Exercise prompt: Below are several records. Retype exactly those lines running from the one with "New Wine Lovers" through the one with "Night lights through a windshield", end lines included, and no others.

(Source records)
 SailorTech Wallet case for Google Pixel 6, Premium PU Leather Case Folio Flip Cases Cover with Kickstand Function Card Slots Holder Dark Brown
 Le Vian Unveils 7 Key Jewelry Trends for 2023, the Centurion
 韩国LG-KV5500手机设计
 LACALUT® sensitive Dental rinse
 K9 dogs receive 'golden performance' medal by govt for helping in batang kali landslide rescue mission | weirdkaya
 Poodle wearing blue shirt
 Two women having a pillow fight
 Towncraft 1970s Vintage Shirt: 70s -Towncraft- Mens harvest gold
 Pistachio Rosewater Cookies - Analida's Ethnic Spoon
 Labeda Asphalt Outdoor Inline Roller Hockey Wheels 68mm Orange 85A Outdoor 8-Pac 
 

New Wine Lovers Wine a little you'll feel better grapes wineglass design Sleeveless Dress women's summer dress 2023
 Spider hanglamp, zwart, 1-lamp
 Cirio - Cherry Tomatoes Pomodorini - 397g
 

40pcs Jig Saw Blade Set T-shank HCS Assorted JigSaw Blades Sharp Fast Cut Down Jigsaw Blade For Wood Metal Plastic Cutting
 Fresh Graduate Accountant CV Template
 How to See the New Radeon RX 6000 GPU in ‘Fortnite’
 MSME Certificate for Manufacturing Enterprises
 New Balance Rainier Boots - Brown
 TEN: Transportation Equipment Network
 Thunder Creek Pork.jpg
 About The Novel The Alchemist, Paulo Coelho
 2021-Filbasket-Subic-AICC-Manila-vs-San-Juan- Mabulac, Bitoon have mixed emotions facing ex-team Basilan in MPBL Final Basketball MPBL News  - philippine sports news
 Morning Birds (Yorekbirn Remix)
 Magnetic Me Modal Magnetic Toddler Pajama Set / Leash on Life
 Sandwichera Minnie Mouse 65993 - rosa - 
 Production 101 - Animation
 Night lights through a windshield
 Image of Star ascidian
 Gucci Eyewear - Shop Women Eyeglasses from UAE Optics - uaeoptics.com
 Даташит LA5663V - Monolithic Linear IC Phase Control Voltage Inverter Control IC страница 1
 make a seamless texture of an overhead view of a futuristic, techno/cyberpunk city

Exercise output:
New Wine Lovers Wine a little you'll feel better grapes wineglass design Sleeveless Dress women's summer dress 2023
 Spider hanglamp, zwart, 1-lamp
 Cirio - Cherry Tomatoes Pomodorini - 397g
 

40pcs Jig Saw Blade Set T-shank HCS Assorted JigSaw Blades Sharp Fast Cut Down Jigsaw Blade For Wood Metal Plastic Cutting
 Fresh Graduate Accountant CV Template
 How to See the New Radeon RX 6000 GPU in ‘Fortnite’
 MSME Certificate for Manufacturing Enterprises
 New Balance Rainier Boots - Brown
 TEN: Transportation Equipment Network
 Thunder Creek Pork.jpg
 About The Novel The Alchemist, Paulo Coelho
 2021-Filbasket-Subic-AICC-Manila-vs-San-Juan- Mabulac, Bitoon have mixed emotions facing ex-team Basilan in MPBL Final Basketball MPBL News  - philippine sports news
 Morning Birds (Yorekbirn Remix)
 Magnetic Me Modal Magnetic Toddler Pajama Set / Leash on Life
 Sandwichera Minnie Mouse 65993 - rosa - 
 Production 101 - Animation
 Night lights through a windshield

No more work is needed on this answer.